Experiment (I) Take \(\varOmega =D_A+2I\). Let \(\varsigma =8\) and \(\varsigma =9\), respectively. Consider the splitting \(A=M_1-N_1\), where

$$\begin{aligned} M_1=\left( \begin{array}{c@{\quad }c@{\quad }c@{\quad }c@{\quad }c@{\quad }c} \hat{S} &{} &{} &{} \\ &{} \hat{S} &{} &{} \\ &{} &{} \ddots &{} \\ &{} &{} &{} \hat{S} \\ \end{array} \right) ~~ \text {and}~~\hat{S}=\mathrm {tridiag}(1,4,0). \end{aligned}$$
(11)

Experiment (II) Let \(\varOmega =D_A\) and \(\varOmega =D_A-0.9I\), respectively. Take \(\varsigma =9\) and consider the MSOR (\(\alpha =1.2\)).

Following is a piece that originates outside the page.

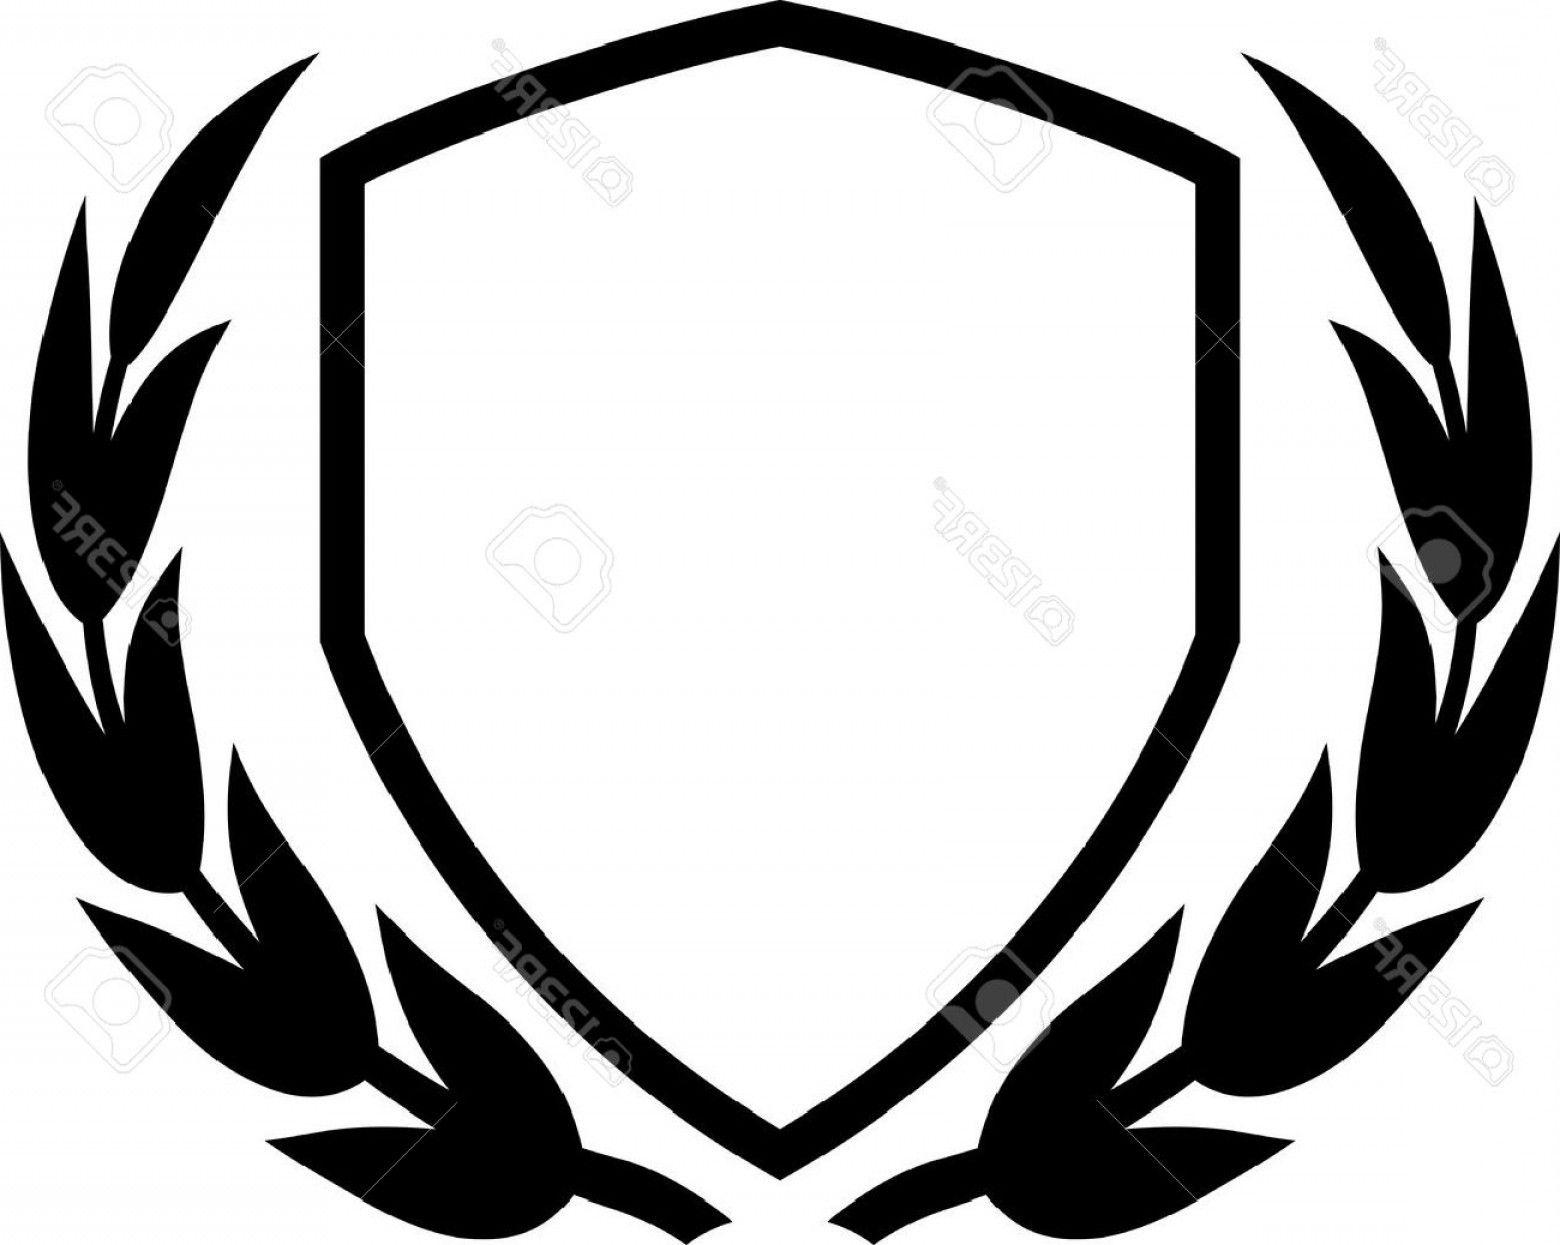 Black and White Shield Logo - Photovector Shield And Laurel Wreath Isolated On White | SHOPATCLOTH
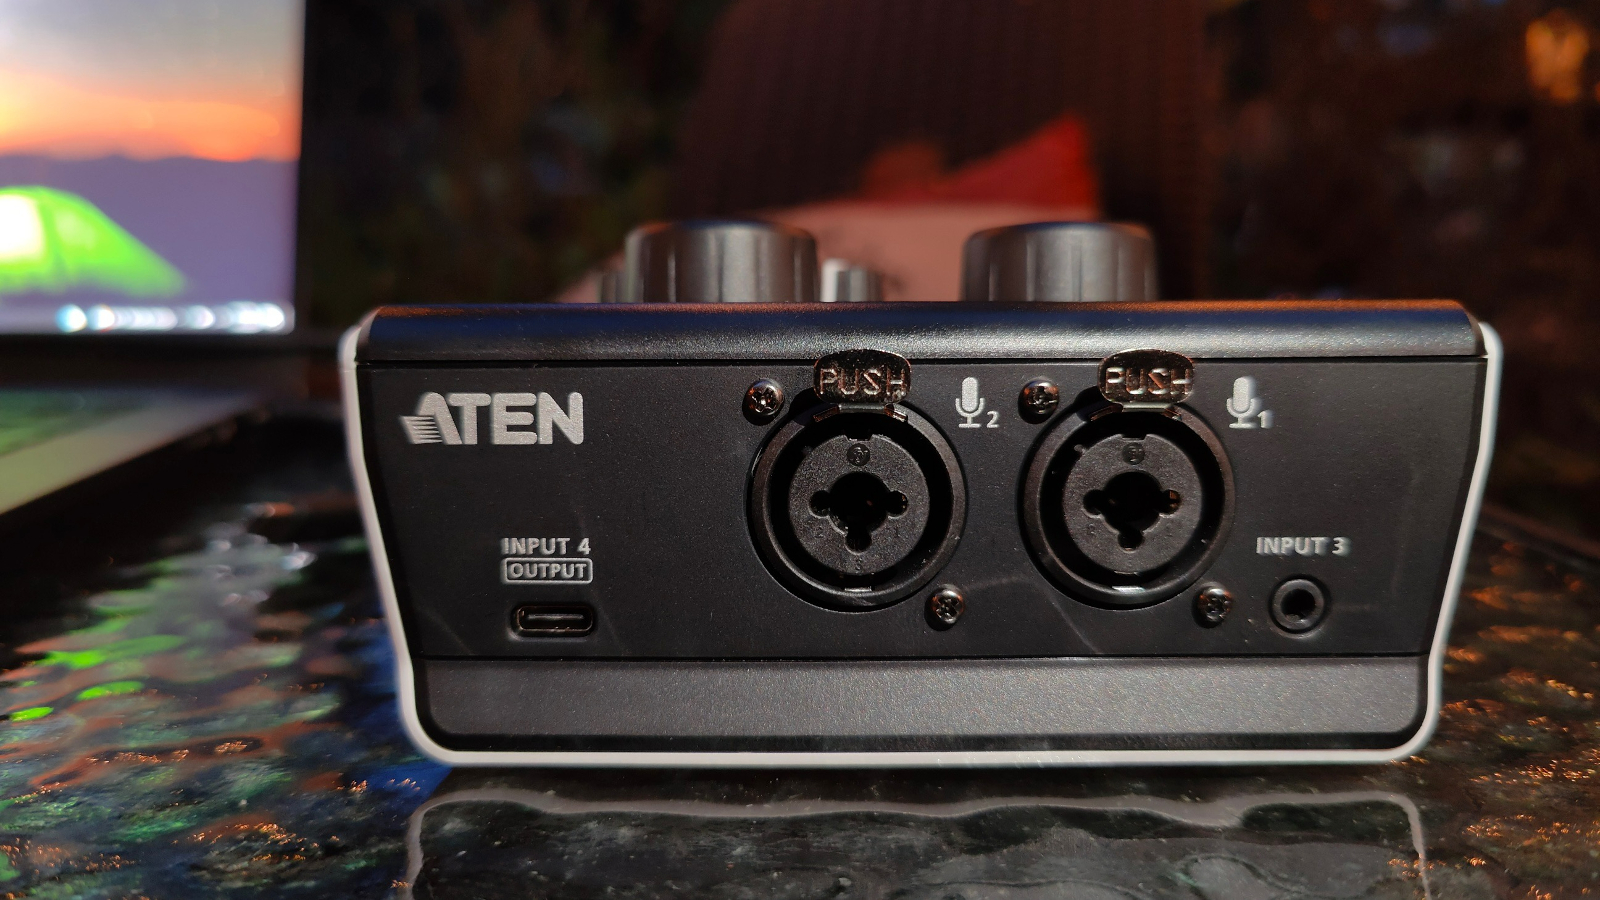 Aten Podcast AI Audio Mixer (MicLive 6-CH, UC8000) review

All numerical results are shown in Table 1, where Method 1 converges for all cases. The number of iteration steps is denoted by ‘IT’ and the elapsed CPU time in seconds is denoted by ‘CPU’.

Table 1 Numerical results of Example 1
Full size table

In Experiment (I), since \(\langle M_1\rangle -|N_1|\ne \langle A\rangle \), the splitting (11) is not an H-compatible splitting, which leads to that the convergence results of Method 1 in [17] cannot be used here. On the other hand, for \(\langle M_1\rangle -|N_1|\) is an M-matrix, the splitting (11) is an H-splitting. The results of Experiment (I) show the advantage of Theorem 3.1.

In Experiment (II), \(\varOmega =D_A\) and \(\varOmega =D_A-0.9I\) are in the convergence range (9), which is not the convergence condition of Theorem 4.4 of [17]. The results of Experiment (II) also show the advantage of Theorem 3.2.

5 Conclusion

Theorems 3.1 and 3.2 give the convergence theories of modulus-based matrix splitting iteration methods for NCP(f) under the weaker condition that \(A=M-N\) is an H-splitting. Since an H-splitting of an H-matrix is not necessarily an H-compatible splitting, we have more choices for the splitting \(A=M-N\) which makes the modulus-based matrix splitting iteration methods converge than [17]. Furthermore, comparing to the convergence domain in [17], a larger one is given by Theorems 3.2. Therefore, our convergence theories extend the scope of modulus-based matrix splitting iteration methods for NCP(f) in applications.